Почтальон для Евы

Alexandra Reinhardt

Молодая владелица клиники пластической хирургии, давно покинув родные края и обосновавшись во французской столице, получает в наследство родовое имение в глухой азербайджанской деревне. Заурядное, на первый взгляд, путешествие к истокам обращается для неё в пугающее погружение в мир колдовских ритуалов, зловещих обычаев, любви, способной преодолеть смертельные границы, и круговорот мистических событий. Что ждёт её за порогом заброшенного жилища? И только ли он скрывает мрачные секреты?

Оглавление

Глава 5. Не последние секреты наследного дома

Чтобы попасть на второй этаж, нужно было выйти на улицу. За углом на заднем дворе находилась крутая бетонная лестница, ведущая к верхним комнатам.

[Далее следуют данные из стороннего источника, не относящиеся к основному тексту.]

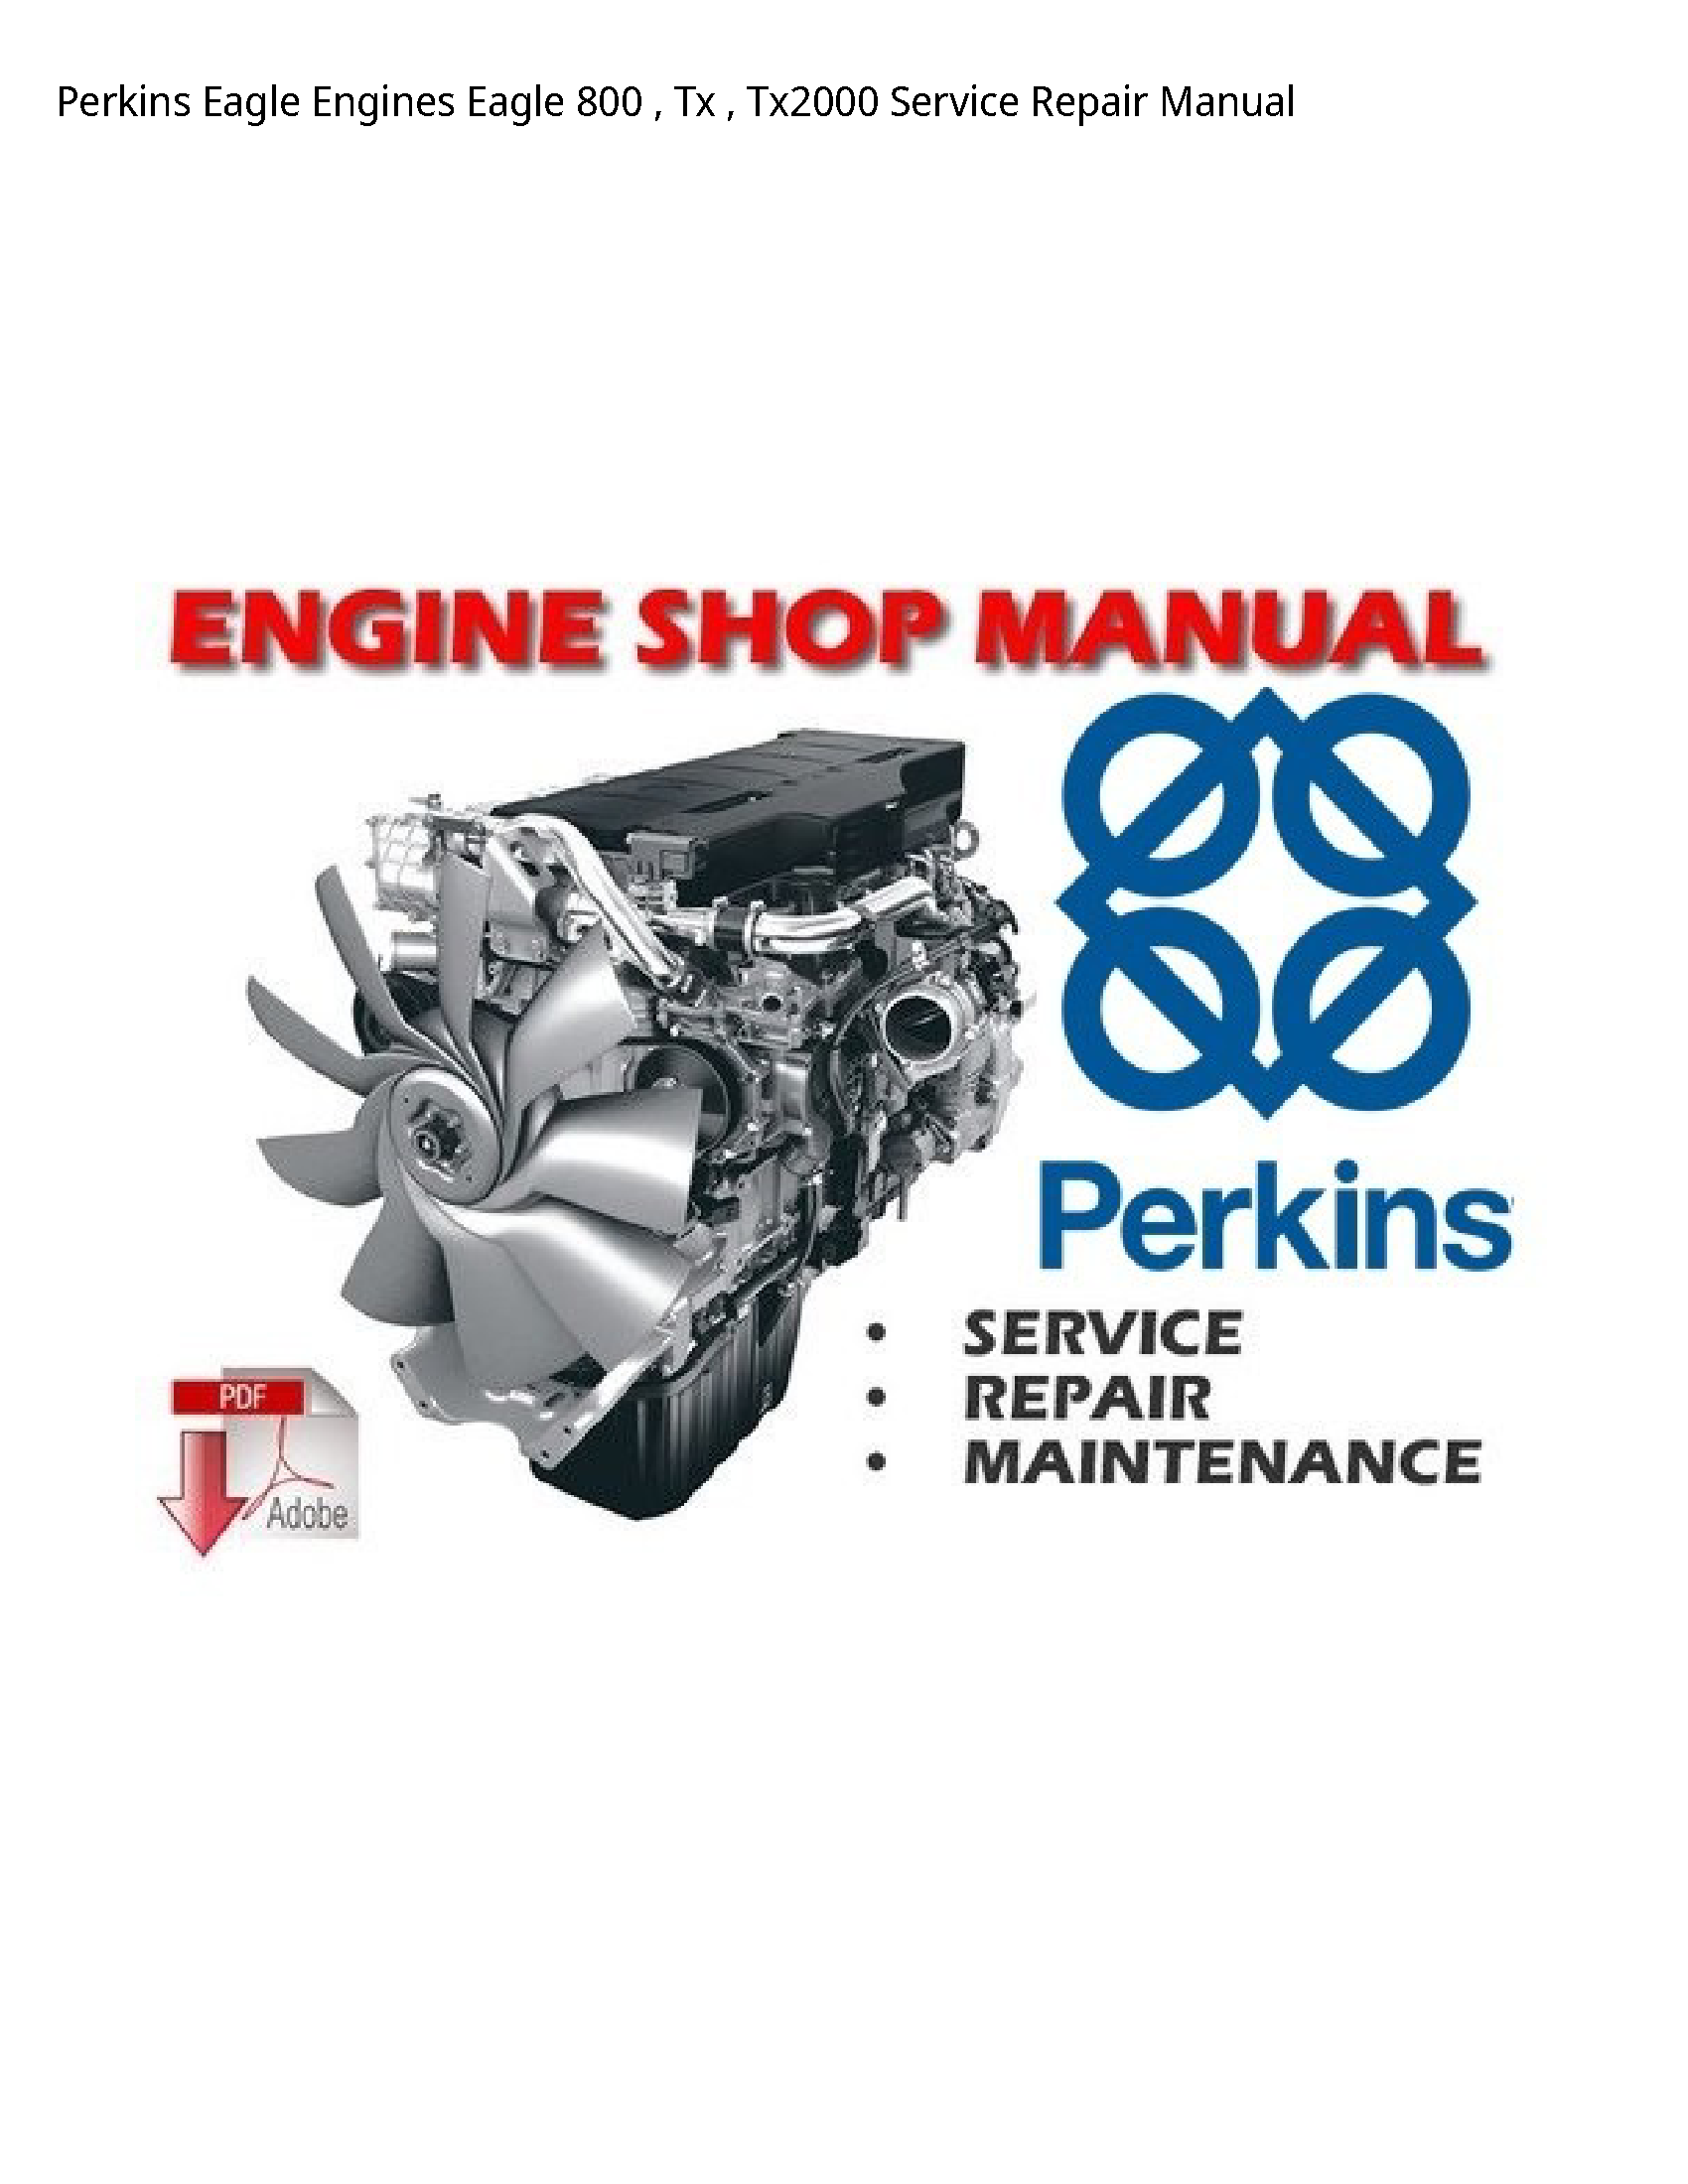 Perkins 800 Eagle Engines Eagle Tx manual

В Еву можжевеловым перегаром дыхнули тёплые деревенские сумерки, в которых ей едва ли удалось рассмотреть весь масштаб сада с его крохотными постройками. Цепко хватаясь за металлические перила, вспоминая свою бакинскую квартиру, по лестнице которой она уже карабкалась когда-то в детстве, Ева принялась взбираться по ступеням. «До чего же странная архитектура у этого дома. Не проболтаться бы об этом нечаянно Ясмине, чтоб не задеть чувства в отношении профессиональных решений её супруга-архитектора. Надеюсь, хоть туалетная комната внутри есть? Шарахаться здесь ночами по нужде что-то совсем не хочется», — монотонные мысли Евы вдруг оборвал звонкий вскрик Ясмины, успевшей за это время и схватить саквояж, и догнать медлительную гостью. Похоже, в спешке она не рассчитала высоту следующей ступеньки и споткнулась. Ева с реакцией, присущей всем игрокам бизнес-сообщества, привыкшим молниеносно реагировать на входящий сигнал, тем более если он знаменует чьё-то бедствие, резко обернулась. И тут же цепко подхватила Ясмину за предплечье, спасая от весьма травматичного падения, несколько секунд удерживая одной рукой женский вес с сумкой. Кольцо на её руке, крепко впившейся в рукав Ясмины, сверкнуло в прощальных лучах пережаренного светила. Где-то вдалеке зычно заухала сова. Приглушенный хищный звук будто вывел обеих девушек из краткосрочного оцепенения. Ясмина, наконец, ухватилась за поручень, вернула себе утраченный баланс, и во второй раз за день мысленно удивилась физической силе девушки, скрывавшейся за внешней хрупкостью:

— «Ева, спасибо. Чувствую, что-то слишком сильно переволновалась я из-за твоего приезда. Всюду спешу, тороплюсь, и видишь, к чему эта никому ненужная скорость может привести. А ты… Ты очень сильная».

— «Ха, если бы ты меня не раскормила, я бы тебя сейчас наверх на руках занесла. Но, сорри, уже не смогу. Посему шагаем дальше сами, но на этот раз крайне аккуратно».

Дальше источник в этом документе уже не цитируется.